Terraform state file stores the information(metadata) about the infrastructure resources. Any change you plan to make or already made into your infrastructure then that changed information will be stored inside the Terraform state file.

You do not have to store the information inside the Terraform state file. terraform plan will update terraform state file before making any change to infrastructure.

Managing terraform state

How to save terraform state file?

1. Saving Locally - If you are the only developer working with Terraform and managing your infrastructure then you do not have to do anything special terraform apply command will generate terraform state file for your workspace and save it inside your working directory.

2. Saving Remotely - If you are working in a team where multiple developers writing the terraform code to manage the infrastructure then it is highly recommended to store terraform files remotely(AWS S3 Bucket) on a central location so that with every infrastructure change your terraform state file is up to date and in sync with other.

Terraform state file to save the text file into S3 bucket


2. What is the Purpose of Terraform state file?

Any change which you make to your resource will be first reflected into the terraform state file before updating it onto the cloud infrastructure.
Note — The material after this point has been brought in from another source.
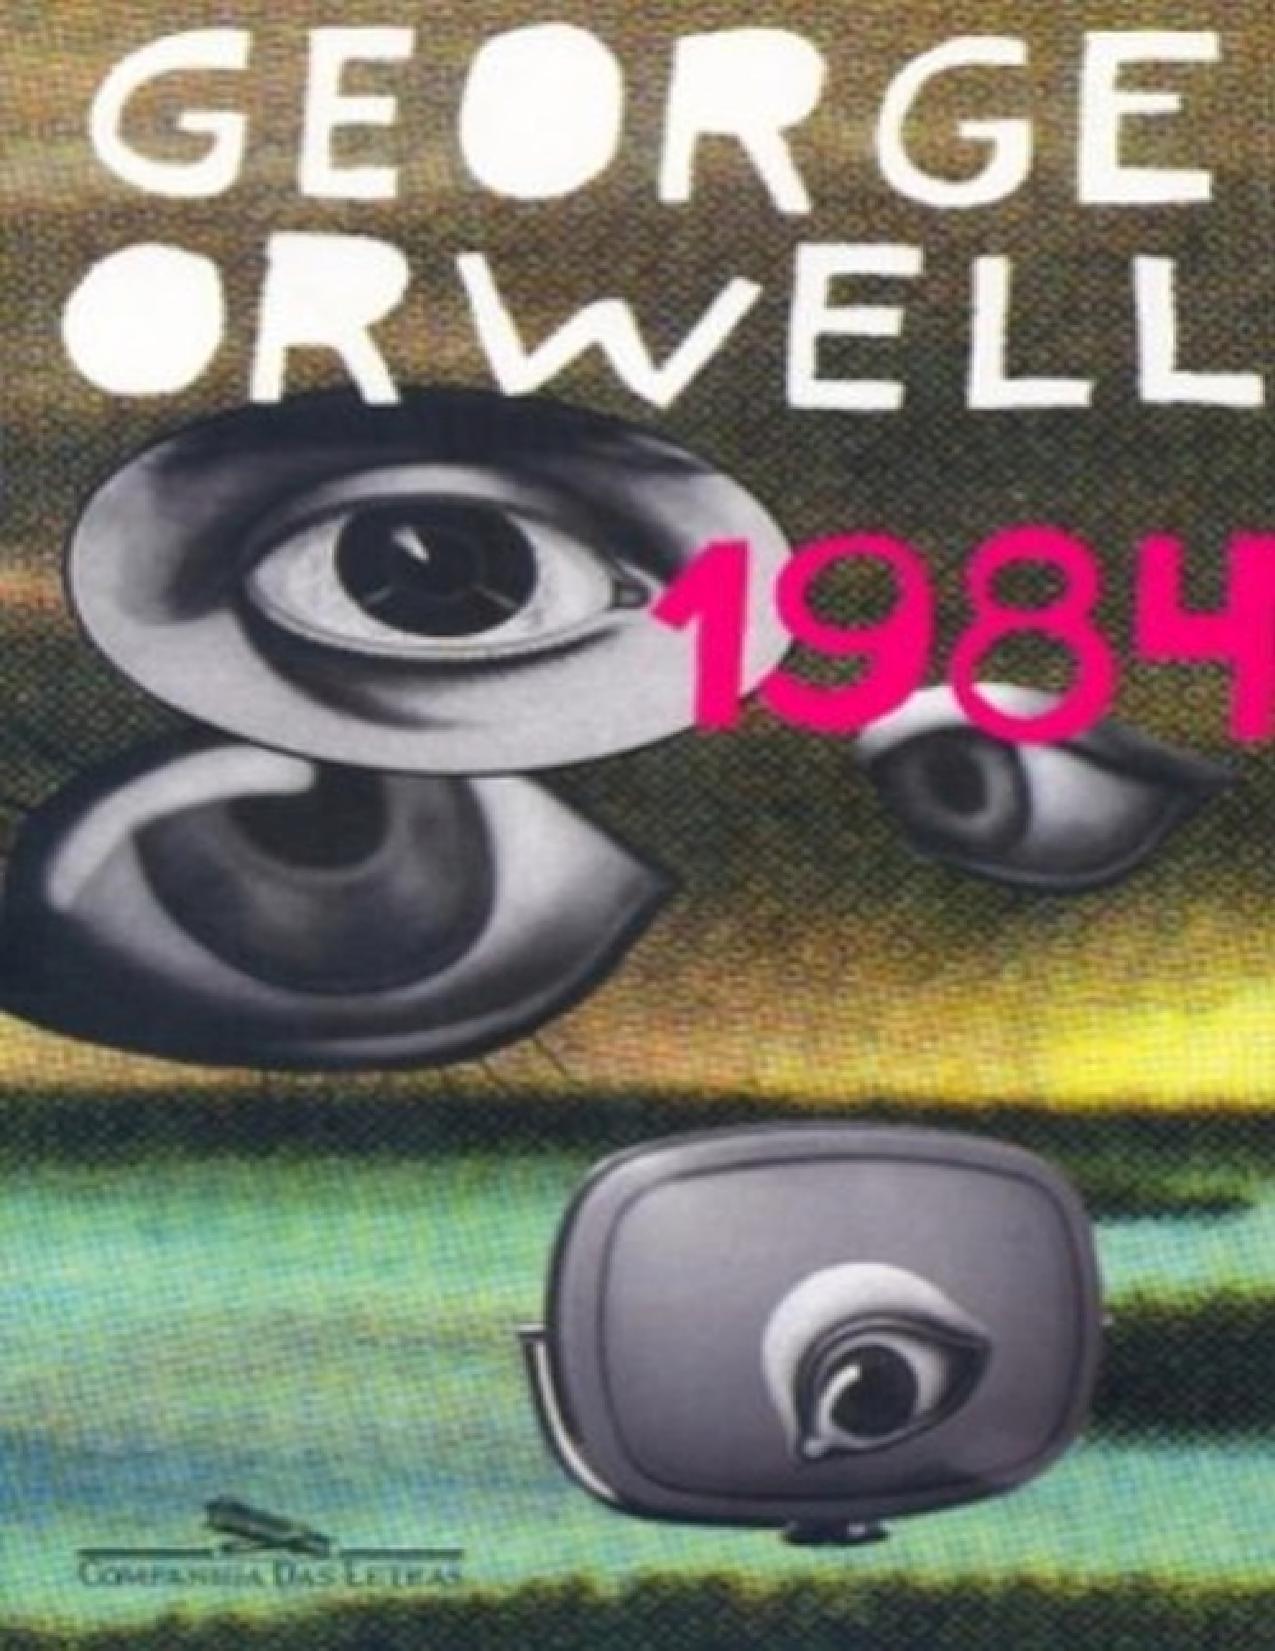 1984 george orwell pdf download portugues ezcap usb cassette capture software download
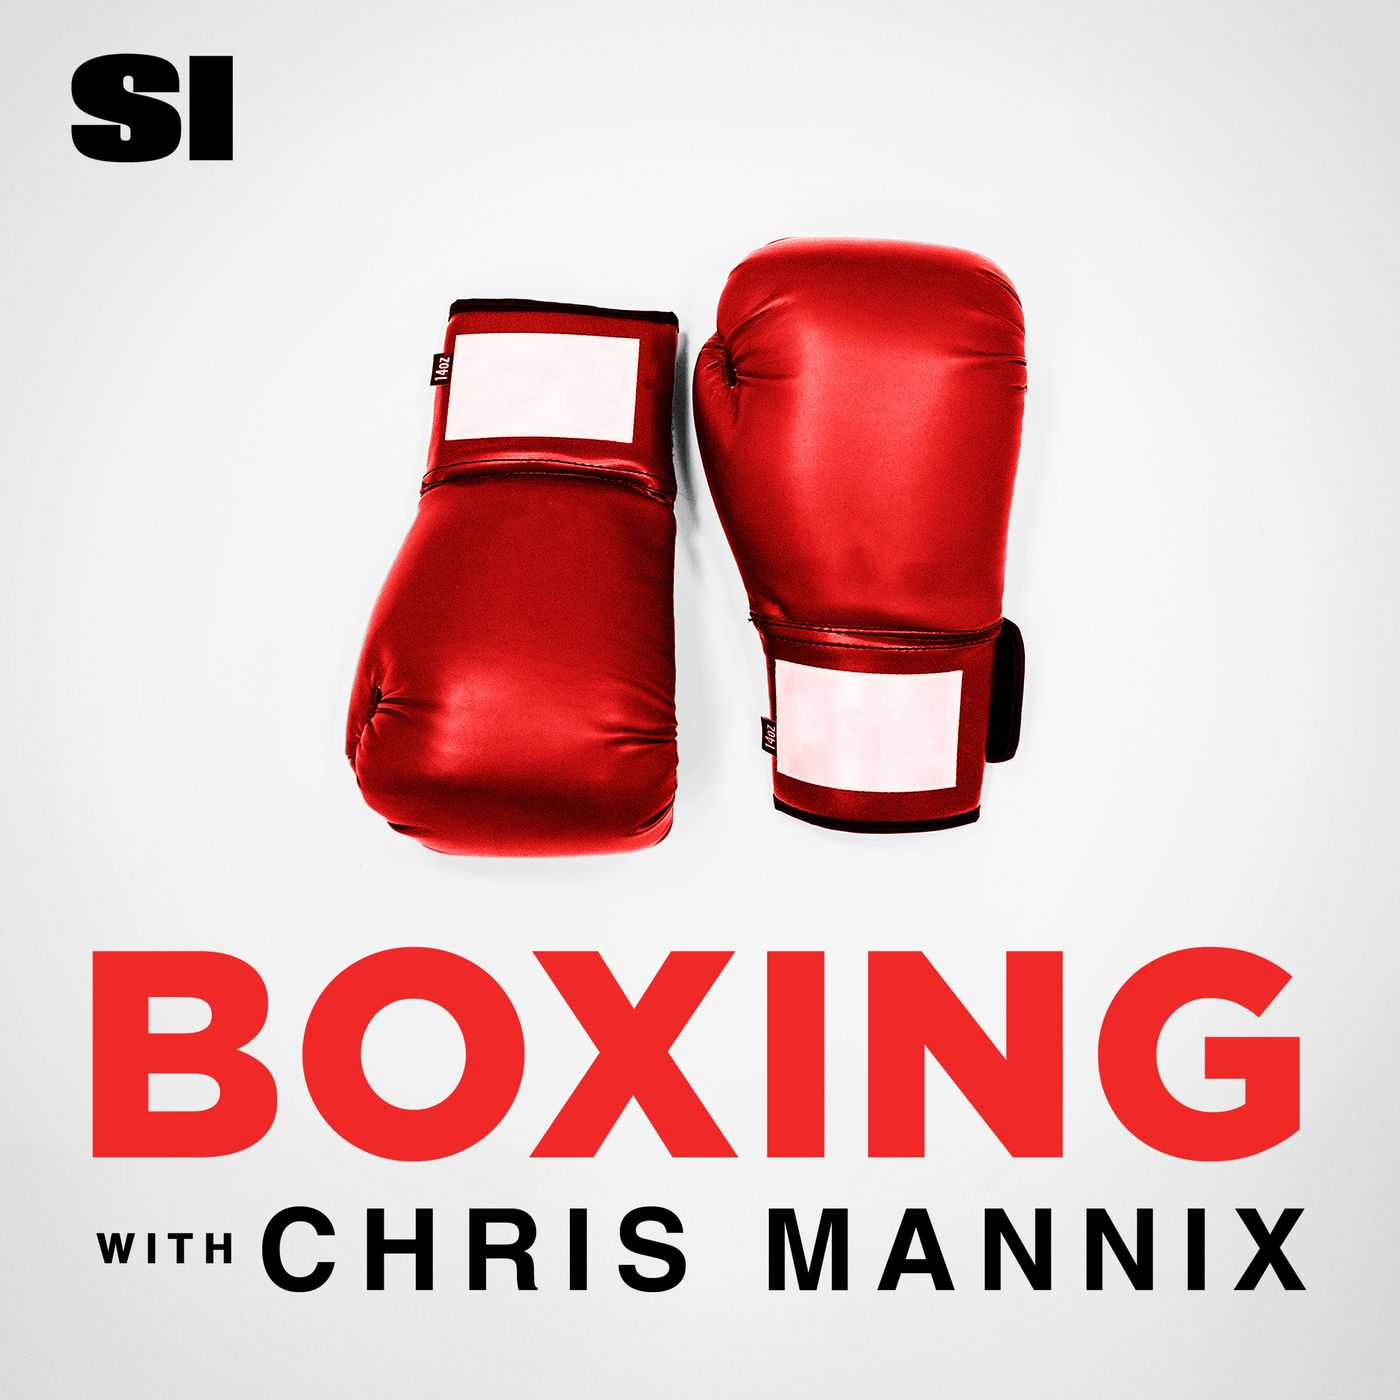 A highlight from Boxing with Chris Mannix - Tank Davis vs. Ryan Garcia, It's finally on

So terraform state file will start storing each action which you take on the terraform resource.

Before you use terraform apply or terraform destroy command terraform always validates your resource configuration with the terraform state file and if the changes seem to be valid then your terraform state the file is first going to be updated and then your actual resource will be updated.

So the question comes how can terraform differentiate the multiple resources of the same type running in the cloud environment?

Terraform has its own local database known as Terraform state file where each resource is tagged with its own unique id and this unique id is stored in the state file in the form of metadata.


3. Terraform state file Metadata

Any information which is stored inside the terraform state file is known as metadata. As we discussed in the previous points all the infrastructure changes are stored in the form of Metadata but terraform also maintains order for managing the Metadata inside the Terraform state file.

Let's take an example -

  1. Step-1: You have written a resource block resource "aws_instance" "ec2_example"
  2. Step-2: Terraform has generated a terraform.state file to store metadata about ec2_instance
  3. Step-3: You have added an S3 bucket manually from AWS Console without making any changes to terraform file.
  4. Step-4: Now you have run the terraform destroy command.
  5. End Result: Terraform only delete EC2 instance

Conclusion - It can only find EC2 instance resource metadata into terraform state file and there is no reference of S3 bucket because you have created the bucket manually and terraform state file have no clue of S3 Bucket.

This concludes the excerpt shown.